The obituary I’ll never forget
By LISA SMITH MOLINARI | Special to Stars and Stripes | Published: October 19, 2018
A few years ago, a friend sent me the link to an obituary she’d read in the Boston Globe that morning. I didn’t know the woman who had died. Mrs. Louise Bickford was a complete stranger to me. However, my friend shared the article because Louise had been a military spouse, like me.
The obituary made no reference to an impressive career or professional achievements on Louise’s part. It didn’t mention awards or attempts to change the world. None of the traditional barometers of success.
But this seemingly unremarkable newsprint about a military spouse I never knew somehow tapped into my psyche and left an indelible mark.
After reading the obit, my friend and I exchanged messages such as, “She did the New York Times crossword in pen.

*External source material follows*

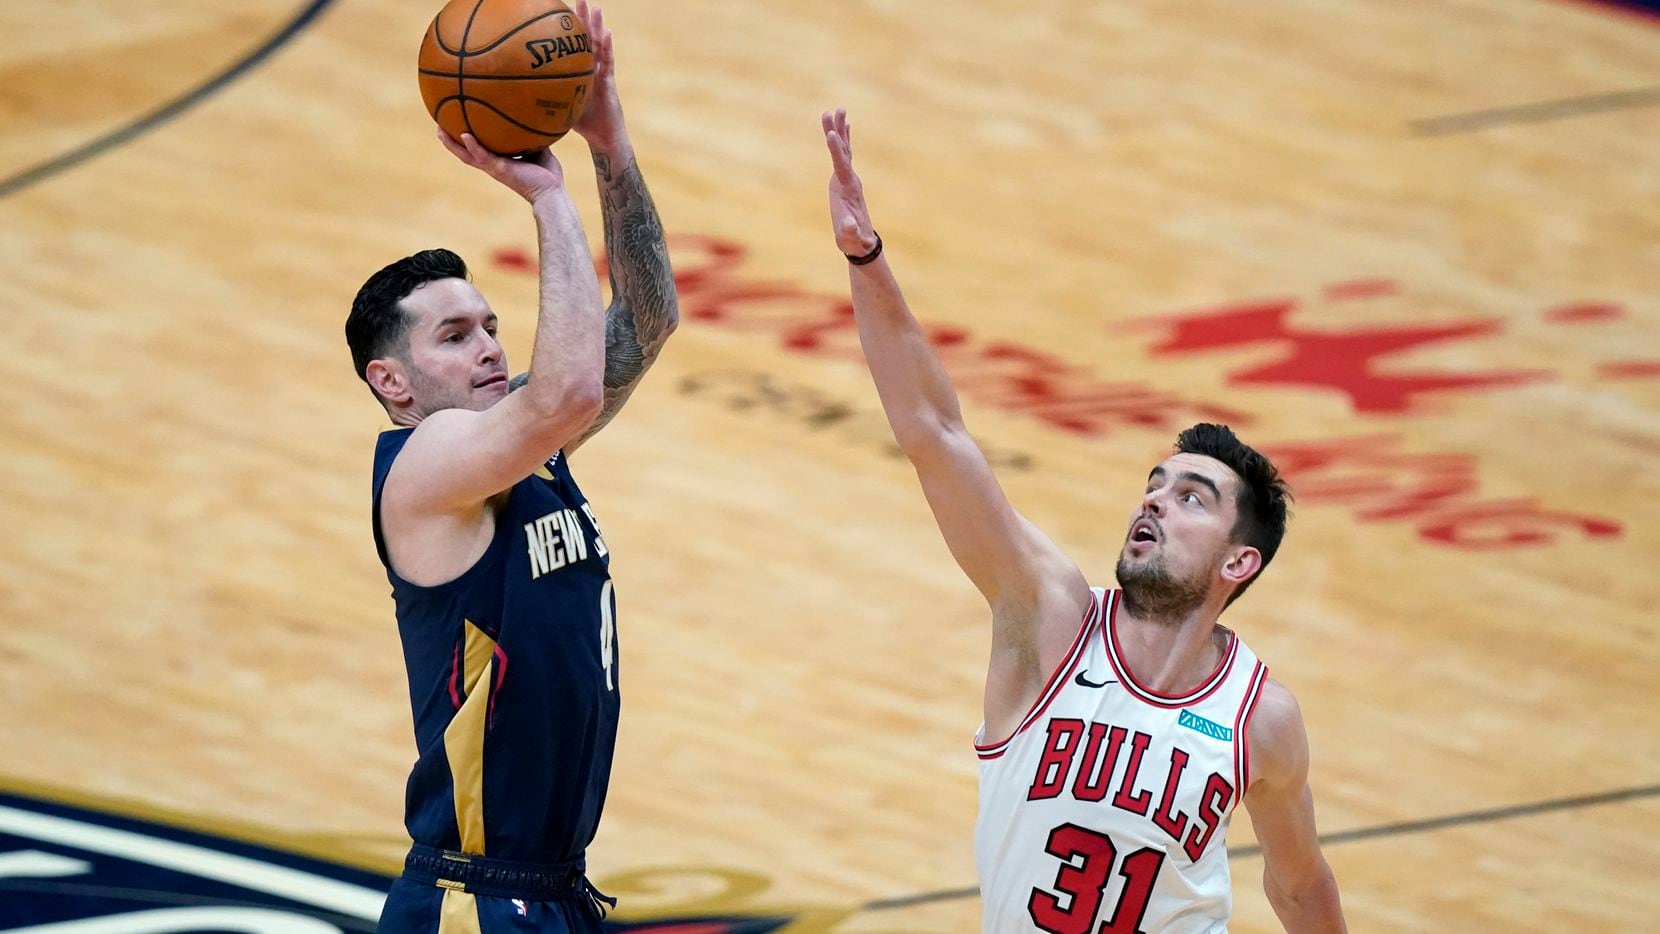 Pelicans guard JJ Redick shoots over Bulls guard Tomas Satoransky (31) during the first half of a game in New Orleans on Wednesday, March 3, 2021. (AP Photo/Gerald Herbert)

I can’t even do it in pencil.” And, “Wow, I can only hope that I leave that kind of legacy.” And then my friend and I went back to our busy routines, leaving behind the shared tidbit about Mrs. Louise Bickford, the 85-year-old Army wife who died on December 9, 2015.

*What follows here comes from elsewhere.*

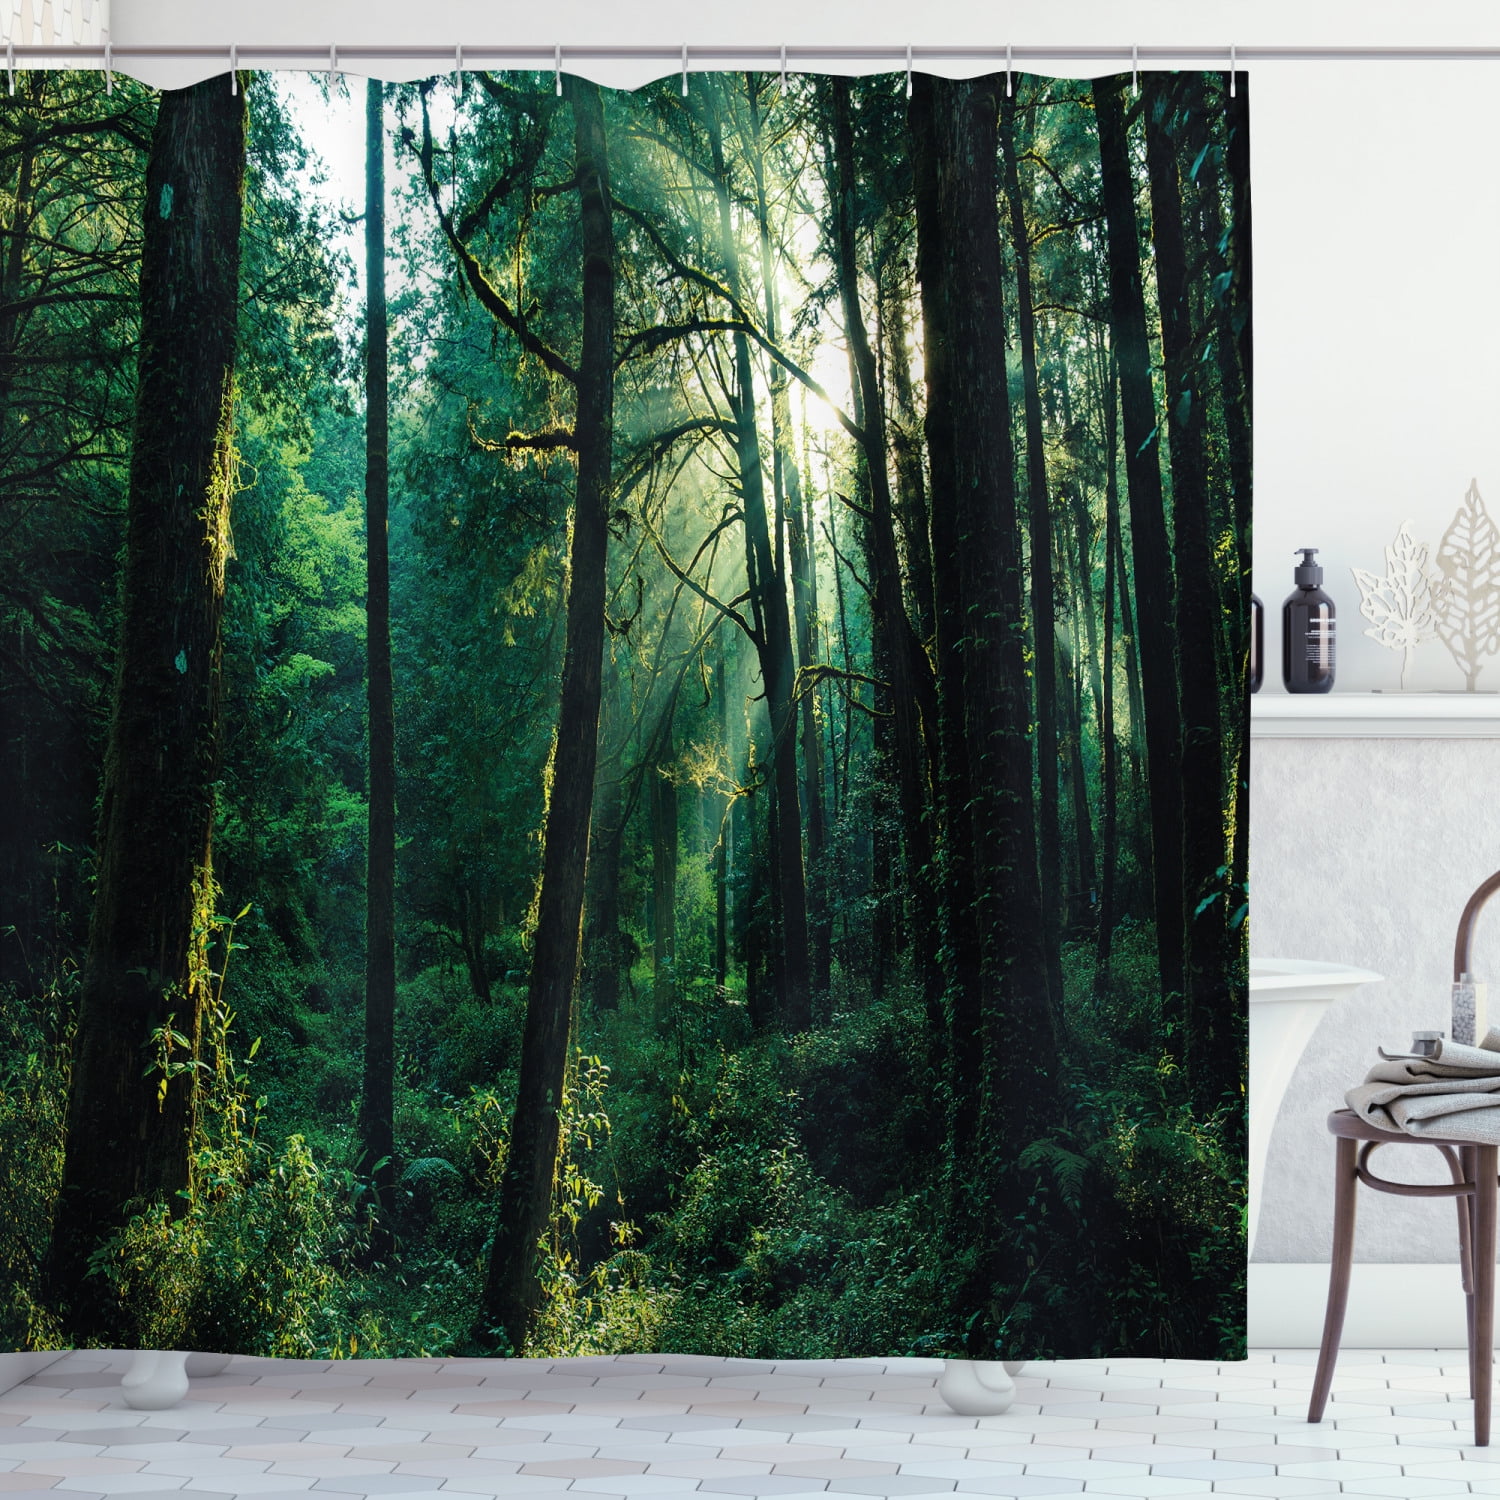 Forest Park Scenic Picture Reflection Sunset Landscape Picture Shower Curtain

The only problem was, I couldn’t forget.
The 600-word description of Louise’s life had seeped into my subconscious, surfacing when I needed to quell doubts about my place in the world. The memory of the obituary has become a mantra that I conjure to soothe the fear that my life is insignificant or unimportant.
Even though the article didn’t describe the accomplishments that are normally deemed print-worthy, the essay about Louise is a portrait of a life that truly mattered.
I’ve been thinking more about Louise lately. With my husband retired from the Navy and our last child off to college, I recently interviewed for my first out-of-the-house job since 1996. I’ve spent the past two decades raising our three kids, moving, managing the household, volunteering and freelance writing from home. As I brace myself for rejection, I wonder, have I accomplished enough in life? Will this job save me from oblivion? Will my children be proud of me?
According to the obituary written by Louise’s five children, Louise was born in 1930 and raised in a Pennsylvania coal-mining town. The valedictorian of her high school class, she went on to get her teaching degree and to marry James Bickford, her husband of 40 years. “Jim’s Army career took him, Louise and the five children plus pets to postings in France, California, Kentucky, Iran, Wisconsin, Virginia, Turkey, Florida and, finally, Pennsylvania,” the obit read, adding that Louise parented the kids alone during Jim’s unaccompanied tours in Vietnam and Korea. The obituary described their mother’s “love of travel, curiosity about other cultures, organizational skills and pragmatic nature” that made her “well suited to her life as a military spouse.”
After Jim retired from the Army, one might think he and Louise settled into a stable life without hardship. However, “a tragic accident left Jim a quadriplegic in 1976.” Louise “spent the next 18 years as his primary caregiver until Jim’s death in 1994.” But she had always had a “great capacity to roll with the vicissitudes of life, accepting whatever difficulties life threw at her with humor, grace and style.”
Louise spent the rest of her years “caring for her extensive brood,” and pursuing her many passions. Her children proudly described her as a “multi-faceted individual” who “taught swimming; was a substitute teacher; led Boy Scout and Girl Scout troops; ... did the NY Times crossword puzzle in pen; played the piano; sang in choruses; organized an international supper club; and was a gracious hostess her entire life.
“Louise’s life was grounded by family, from her early life until her death,” and her family of five children, 12 grandchildren and a great grandchild “loved and admired” Louise for “her great wit, integrity, love of laughter and independent spirit.”
Mrs. Louise Bickford had it right. Regardless of the pressure to live up to traditional measures of success, ultimately, a life grounded by family is a life well-lived.